* **DATA SEGMENT**:
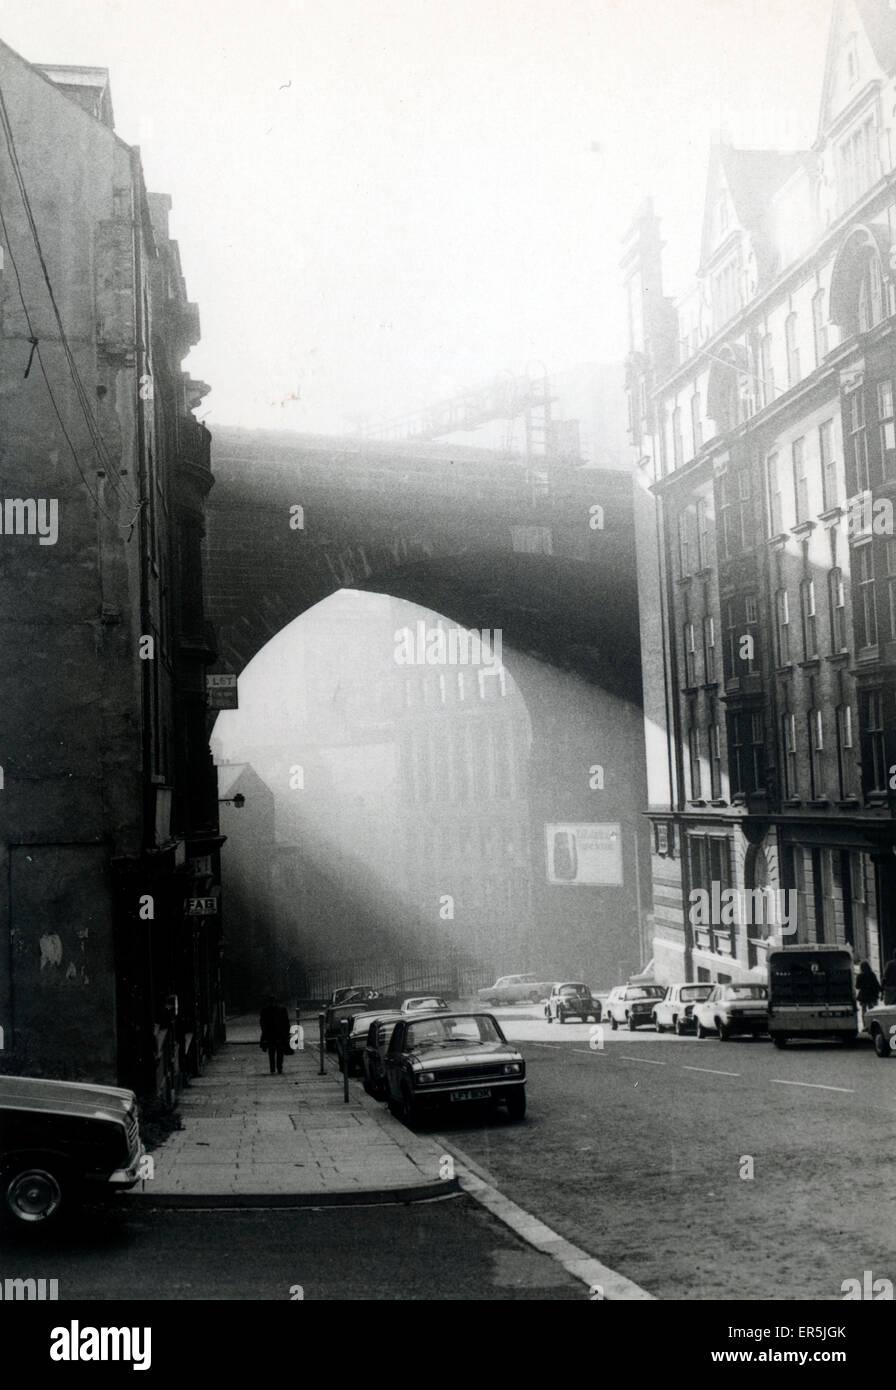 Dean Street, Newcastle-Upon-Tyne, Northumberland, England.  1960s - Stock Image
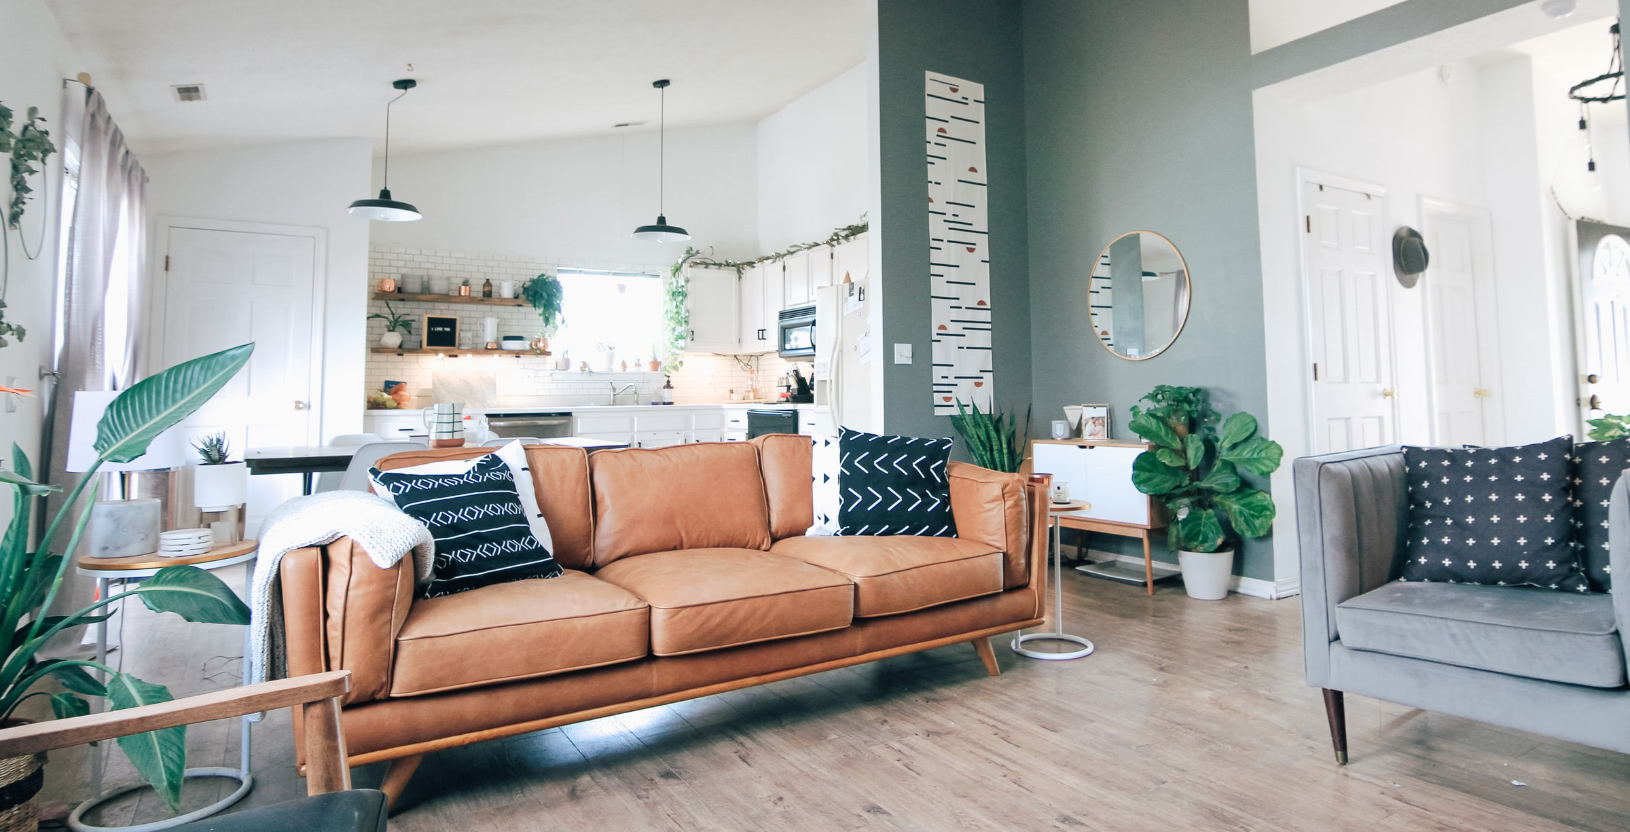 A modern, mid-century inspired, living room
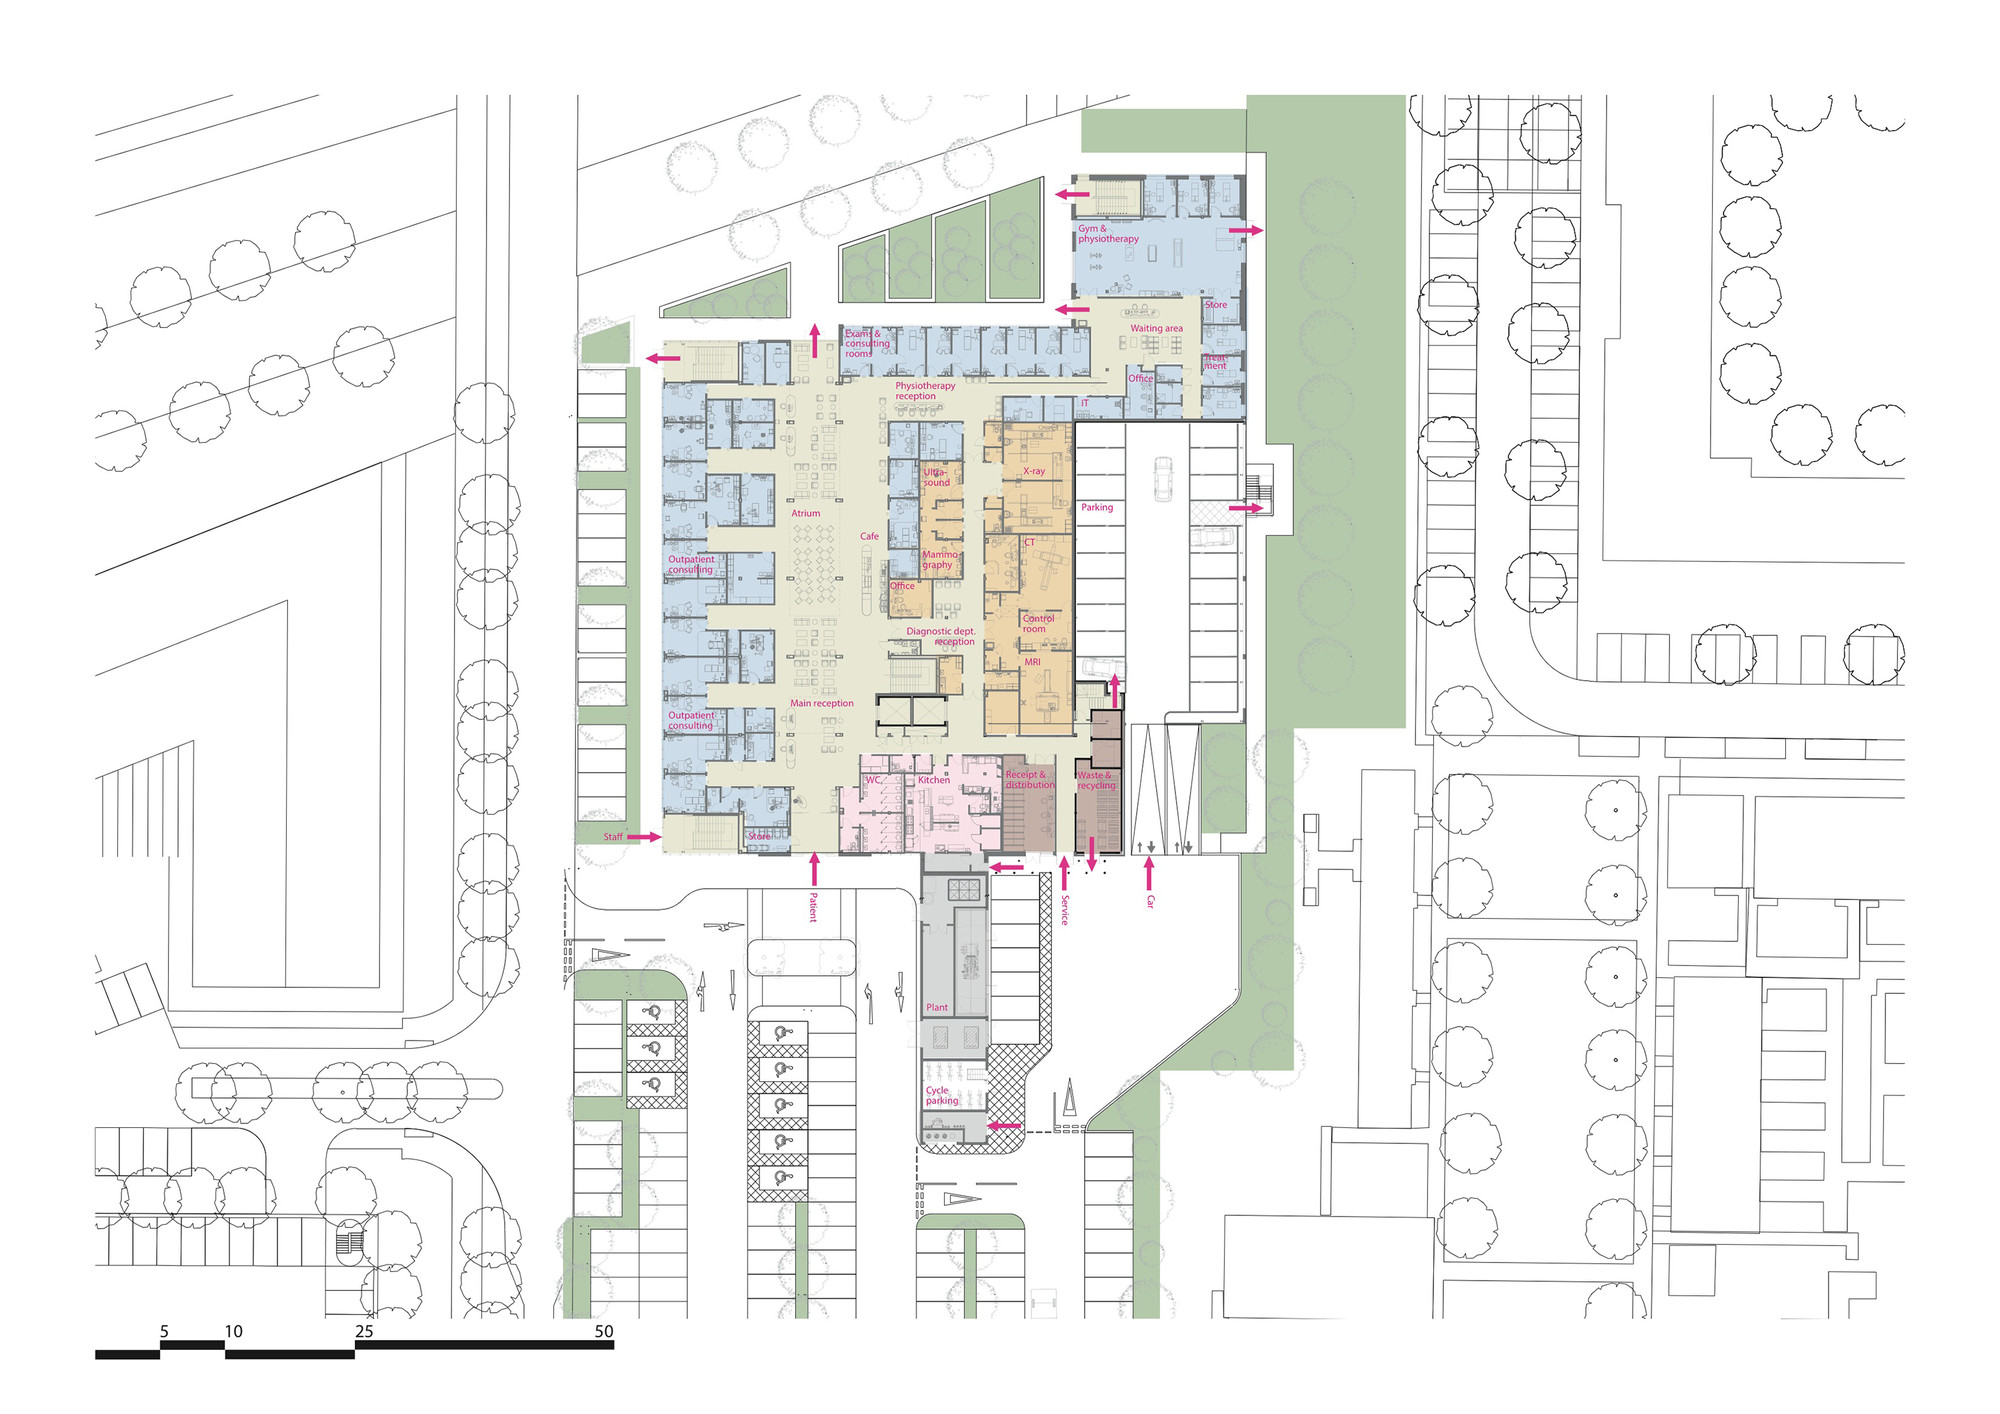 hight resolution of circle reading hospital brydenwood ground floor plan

* **WHAT THE EXERCISE ASKS**: Write out the material exactly as it stands, omitting every picture.

* **EXPECTED OUTPUT**:
 Dean Street, Newcastle-Upon-Tyne, Northumberland, England.  1960s - Stock Image
 A modern, mid-century inspired, living room
 hight resolution of circle reading hospital brydenwood ground floor plan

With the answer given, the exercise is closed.